**AIM OF THE TASK:** Write out the stretch of lines below that begins at the line with "Vox 'gana' las" and ends at the line with "Ein undatiertes Bild", including both, exactly as given and nothing more.

Stored items:
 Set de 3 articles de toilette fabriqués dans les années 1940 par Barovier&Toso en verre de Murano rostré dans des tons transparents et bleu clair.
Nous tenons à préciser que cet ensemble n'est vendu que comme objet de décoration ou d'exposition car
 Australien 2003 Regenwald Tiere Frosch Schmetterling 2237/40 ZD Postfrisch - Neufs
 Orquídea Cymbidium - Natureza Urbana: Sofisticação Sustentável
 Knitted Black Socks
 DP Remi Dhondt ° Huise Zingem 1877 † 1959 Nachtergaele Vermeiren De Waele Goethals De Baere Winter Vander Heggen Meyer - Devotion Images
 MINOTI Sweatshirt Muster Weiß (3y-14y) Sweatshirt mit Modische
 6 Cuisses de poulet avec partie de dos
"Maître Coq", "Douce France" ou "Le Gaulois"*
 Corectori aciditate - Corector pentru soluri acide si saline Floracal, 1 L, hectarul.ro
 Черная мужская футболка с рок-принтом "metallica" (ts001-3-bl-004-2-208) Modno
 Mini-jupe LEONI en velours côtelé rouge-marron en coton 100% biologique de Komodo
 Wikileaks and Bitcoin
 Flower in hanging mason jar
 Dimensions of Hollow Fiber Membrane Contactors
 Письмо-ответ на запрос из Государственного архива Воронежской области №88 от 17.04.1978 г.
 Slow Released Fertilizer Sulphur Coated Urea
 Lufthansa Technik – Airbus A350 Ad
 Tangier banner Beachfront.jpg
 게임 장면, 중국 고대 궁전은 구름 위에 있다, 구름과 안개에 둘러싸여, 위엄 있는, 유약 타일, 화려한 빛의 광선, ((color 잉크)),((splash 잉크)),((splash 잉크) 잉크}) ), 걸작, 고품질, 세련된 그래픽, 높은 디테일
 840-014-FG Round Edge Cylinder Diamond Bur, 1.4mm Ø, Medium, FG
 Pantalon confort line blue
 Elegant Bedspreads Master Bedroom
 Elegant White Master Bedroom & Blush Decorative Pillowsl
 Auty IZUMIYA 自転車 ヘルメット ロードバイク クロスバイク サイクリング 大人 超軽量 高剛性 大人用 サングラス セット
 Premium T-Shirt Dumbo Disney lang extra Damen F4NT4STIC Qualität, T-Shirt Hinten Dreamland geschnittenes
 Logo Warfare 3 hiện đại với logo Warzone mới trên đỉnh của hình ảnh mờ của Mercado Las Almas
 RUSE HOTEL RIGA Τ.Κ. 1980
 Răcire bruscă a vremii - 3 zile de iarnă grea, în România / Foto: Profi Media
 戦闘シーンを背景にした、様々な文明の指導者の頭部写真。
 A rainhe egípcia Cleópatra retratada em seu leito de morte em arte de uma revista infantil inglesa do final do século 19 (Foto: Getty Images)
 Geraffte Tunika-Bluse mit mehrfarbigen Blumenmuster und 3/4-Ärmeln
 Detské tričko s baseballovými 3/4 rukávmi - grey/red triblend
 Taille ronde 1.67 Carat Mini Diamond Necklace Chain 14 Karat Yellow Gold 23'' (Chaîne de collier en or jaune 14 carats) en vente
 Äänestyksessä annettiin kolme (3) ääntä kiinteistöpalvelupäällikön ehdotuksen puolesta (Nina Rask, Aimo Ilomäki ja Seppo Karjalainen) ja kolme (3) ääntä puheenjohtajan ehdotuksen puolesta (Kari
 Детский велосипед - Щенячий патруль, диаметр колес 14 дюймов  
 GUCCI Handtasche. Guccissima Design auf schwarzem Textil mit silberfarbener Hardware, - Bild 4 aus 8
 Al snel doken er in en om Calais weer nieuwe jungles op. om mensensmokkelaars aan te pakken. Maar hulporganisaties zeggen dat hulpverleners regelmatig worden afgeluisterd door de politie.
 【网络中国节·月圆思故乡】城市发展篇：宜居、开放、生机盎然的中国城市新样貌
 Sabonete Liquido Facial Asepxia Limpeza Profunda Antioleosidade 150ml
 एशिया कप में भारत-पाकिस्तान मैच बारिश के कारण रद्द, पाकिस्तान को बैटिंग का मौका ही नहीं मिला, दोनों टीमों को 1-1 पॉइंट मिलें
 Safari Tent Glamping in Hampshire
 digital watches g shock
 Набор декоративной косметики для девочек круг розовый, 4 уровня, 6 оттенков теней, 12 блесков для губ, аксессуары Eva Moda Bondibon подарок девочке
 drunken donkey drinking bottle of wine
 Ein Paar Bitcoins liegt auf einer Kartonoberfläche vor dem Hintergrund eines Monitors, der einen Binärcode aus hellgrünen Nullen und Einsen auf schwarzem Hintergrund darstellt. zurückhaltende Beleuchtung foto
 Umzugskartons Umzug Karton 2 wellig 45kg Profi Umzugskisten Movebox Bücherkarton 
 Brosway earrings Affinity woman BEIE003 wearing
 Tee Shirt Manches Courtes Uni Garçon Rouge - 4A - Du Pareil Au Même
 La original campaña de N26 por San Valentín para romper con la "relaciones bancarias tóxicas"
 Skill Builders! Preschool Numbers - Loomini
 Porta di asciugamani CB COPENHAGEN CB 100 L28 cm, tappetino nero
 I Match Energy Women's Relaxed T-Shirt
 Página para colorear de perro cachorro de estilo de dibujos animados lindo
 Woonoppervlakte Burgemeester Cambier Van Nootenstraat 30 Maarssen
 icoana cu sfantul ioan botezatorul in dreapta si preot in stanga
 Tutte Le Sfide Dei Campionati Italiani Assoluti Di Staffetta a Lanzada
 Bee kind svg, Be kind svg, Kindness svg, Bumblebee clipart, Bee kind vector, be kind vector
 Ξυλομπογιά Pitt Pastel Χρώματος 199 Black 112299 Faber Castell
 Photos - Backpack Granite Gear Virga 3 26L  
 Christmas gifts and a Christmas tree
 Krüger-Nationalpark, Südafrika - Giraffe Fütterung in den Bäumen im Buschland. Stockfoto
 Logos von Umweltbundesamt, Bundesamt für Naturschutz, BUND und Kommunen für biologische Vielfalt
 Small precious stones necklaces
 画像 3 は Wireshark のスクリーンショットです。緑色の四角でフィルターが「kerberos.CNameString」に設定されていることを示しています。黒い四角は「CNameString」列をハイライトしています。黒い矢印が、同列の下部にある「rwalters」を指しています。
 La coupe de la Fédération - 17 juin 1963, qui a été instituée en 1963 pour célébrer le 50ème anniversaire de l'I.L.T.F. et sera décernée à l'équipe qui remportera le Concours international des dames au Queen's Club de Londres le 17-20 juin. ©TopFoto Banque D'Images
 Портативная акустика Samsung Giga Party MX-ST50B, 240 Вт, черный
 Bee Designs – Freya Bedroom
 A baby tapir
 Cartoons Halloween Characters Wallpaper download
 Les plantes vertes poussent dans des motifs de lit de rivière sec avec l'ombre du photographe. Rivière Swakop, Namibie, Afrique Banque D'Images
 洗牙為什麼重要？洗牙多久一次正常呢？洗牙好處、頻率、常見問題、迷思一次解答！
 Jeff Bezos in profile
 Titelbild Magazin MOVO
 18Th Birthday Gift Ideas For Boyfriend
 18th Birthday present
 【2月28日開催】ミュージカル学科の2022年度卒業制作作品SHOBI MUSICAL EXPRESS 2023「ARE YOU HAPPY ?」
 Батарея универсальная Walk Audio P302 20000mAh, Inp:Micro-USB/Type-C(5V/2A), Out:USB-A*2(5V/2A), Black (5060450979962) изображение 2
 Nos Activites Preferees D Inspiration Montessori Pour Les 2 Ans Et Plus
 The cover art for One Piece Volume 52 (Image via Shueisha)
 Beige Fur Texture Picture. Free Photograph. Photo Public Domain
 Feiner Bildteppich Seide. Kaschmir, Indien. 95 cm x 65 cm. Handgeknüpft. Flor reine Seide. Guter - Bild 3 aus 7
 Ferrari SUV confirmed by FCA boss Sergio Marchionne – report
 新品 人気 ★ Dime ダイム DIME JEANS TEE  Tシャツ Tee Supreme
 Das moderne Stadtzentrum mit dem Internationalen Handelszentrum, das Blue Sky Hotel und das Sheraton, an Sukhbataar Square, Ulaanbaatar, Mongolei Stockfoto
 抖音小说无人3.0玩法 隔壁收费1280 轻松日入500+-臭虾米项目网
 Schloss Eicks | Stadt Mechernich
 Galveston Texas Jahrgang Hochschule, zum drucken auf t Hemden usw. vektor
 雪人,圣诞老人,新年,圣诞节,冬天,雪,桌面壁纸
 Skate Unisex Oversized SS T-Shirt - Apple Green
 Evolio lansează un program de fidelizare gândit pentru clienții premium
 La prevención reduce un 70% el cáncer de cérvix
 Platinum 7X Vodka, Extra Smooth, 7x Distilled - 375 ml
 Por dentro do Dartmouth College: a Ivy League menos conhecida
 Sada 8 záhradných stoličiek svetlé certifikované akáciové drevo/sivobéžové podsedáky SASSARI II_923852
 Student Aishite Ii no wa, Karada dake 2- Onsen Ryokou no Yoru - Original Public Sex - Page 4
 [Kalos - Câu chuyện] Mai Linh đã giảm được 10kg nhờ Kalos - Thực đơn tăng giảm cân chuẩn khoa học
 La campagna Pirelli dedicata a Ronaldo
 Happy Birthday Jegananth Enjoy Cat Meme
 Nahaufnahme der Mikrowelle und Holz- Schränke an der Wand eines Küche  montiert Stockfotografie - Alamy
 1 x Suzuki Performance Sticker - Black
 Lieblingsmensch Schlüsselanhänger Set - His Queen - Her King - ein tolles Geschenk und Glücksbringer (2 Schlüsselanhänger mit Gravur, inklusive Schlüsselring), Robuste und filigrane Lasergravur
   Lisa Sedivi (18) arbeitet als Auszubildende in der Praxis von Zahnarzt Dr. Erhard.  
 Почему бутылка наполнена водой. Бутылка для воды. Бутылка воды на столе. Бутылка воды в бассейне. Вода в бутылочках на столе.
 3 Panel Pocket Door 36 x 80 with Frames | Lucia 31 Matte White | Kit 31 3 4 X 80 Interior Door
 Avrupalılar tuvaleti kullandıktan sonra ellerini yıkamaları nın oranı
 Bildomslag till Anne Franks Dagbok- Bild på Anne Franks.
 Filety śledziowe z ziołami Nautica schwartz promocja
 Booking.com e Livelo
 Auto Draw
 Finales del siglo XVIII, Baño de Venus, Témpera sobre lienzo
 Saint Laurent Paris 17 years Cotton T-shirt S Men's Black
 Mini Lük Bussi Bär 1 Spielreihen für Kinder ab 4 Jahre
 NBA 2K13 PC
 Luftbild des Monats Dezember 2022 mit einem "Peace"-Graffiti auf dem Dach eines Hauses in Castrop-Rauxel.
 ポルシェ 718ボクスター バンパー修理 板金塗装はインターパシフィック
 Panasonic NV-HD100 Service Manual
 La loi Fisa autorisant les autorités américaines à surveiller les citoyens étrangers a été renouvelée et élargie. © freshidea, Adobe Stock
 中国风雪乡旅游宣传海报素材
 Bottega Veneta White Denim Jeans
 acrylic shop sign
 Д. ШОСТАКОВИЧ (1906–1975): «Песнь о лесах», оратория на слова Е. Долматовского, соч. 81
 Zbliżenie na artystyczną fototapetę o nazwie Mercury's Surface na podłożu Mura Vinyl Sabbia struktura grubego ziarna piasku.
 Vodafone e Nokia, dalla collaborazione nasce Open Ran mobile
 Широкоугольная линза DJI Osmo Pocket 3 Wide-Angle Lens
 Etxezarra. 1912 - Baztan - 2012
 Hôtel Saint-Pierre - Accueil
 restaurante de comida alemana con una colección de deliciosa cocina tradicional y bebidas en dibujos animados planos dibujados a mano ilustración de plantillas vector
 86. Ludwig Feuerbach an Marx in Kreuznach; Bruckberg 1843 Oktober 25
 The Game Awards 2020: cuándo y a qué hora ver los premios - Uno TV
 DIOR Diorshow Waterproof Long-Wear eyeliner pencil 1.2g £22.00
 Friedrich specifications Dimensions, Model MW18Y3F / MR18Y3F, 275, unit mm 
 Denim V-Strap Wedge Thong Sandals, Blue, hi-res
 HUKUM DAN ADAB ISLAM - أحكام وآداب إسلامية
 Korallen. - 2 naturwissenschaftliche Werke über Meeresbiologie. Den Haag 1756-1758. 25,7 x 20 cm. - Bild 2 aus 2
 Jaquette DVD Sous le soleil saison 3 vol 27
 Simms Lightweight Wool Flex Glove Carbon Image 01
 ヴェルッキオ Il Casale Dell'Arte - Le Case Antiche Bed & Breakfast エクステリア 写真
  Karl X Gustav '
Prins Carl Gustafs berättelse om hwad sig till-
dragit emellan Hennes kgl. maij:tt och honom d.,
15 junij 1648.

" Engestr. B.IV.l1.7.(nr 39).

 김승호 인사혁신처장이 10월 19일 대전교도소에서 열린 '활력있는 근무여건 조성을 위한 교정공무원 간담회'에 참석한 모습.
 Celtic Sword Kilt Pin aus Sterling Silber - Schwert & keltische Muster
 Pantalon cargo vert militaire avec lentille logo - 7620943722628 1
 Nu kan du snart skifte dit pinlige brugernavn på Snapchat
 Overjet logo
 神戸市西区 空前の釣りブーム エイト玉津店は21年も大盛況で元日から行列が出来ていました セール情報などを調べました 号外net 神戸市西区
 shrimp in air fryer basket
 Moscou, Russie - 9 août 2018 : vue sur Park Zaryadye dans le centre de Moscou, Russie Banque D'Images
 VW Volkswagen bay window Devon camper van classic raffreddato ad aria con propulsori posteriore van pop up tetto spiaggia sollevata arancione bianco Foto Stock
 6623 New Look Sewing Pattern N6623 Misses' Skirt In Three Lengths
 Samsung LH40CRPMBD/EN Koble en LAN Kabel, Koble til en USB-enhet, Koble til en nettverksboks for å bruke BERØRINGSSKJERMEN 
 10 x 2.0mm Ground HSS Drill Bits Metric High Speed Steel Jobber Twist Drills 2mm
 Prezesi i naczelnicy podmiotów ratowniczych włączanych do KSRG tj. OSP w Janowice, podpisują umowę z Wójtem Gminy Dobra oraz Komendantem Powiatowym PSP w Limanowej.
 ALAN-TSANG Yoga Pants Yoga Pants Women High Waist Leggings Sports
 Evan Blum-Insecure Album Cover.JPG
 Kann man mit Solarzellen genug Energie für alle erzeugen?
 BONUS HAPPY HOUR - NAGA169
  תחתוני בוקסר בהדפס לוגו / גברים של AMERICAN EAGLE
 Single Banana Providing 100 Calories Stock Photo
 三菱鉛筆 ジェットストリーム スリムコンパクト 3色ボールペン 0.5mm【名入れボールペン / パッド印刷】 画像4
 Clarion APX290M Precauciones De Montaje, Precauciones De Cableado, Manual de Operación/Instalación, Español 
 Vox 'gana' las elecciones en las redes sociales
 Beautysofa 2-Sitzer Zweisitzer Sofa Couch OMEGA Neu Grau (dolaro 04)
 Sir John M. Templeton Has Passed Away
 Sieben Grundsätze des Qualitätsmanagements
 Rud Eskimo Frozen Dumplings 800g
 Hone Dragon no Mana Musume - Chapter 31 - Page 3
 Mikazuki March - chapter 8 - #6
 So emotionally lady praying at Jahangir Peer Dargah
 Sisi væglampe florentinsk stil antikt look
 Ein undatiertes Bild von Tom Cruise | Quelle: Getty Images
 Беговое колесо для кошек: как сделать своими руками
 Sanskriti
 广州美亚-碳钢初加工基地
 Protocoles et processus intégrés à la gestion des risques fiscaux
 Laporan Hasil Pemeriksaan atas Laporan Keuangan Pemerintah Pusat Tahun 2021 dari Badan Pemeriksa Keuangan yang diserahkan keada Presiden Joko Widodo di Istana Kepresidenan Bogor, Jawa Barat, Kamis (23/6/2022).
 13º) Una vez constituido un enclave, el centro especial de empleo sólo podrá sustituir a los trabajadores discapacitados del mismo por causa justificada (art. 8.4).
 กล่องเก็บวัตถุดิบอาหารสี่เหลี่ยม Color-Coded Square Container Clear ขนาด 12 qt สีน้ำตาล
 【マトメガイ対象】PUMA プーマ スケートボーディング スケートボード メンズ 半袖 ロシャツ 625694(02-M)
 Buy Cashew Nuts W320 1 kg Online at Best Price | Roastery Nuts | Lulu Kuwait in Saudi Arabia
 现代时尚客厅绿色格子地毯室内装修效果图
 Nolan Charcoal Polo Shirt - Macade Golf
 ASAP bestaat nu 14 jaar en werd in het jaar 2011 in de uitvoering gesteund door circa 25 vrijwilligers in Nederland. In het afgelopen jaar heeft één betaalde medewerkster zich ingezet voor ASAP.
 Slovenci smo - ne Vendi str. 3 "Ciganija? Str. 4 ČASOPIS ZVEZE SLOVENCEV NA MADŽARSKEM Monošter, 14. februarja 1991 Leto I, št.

**EXERCISE SOLUTION:**
 Vox 'gana' las elecciones en las redes sociales
 Beautysofa 2-Sitzer Zweisitzer Sofa Couch OMEGA Neu Grau (dolaro 04)
 Sir John M. Templeton Has Passed Away
 Sieben Grundsätze des Qualitätsmanagements
 Rud Eskimo Frozen Dumplings 800g
 Hone Dragon no Mana Musume - Chapter 31 - Page 3
 Mikazuki March - chapter 8 - #6
 So emotionally lady praying at Jahangir Peer Dargah
 Sisi væglampe florentinsk stil antikt look
 Ein undatiertes Bild von Tom Cruise | Quelle: Getty Images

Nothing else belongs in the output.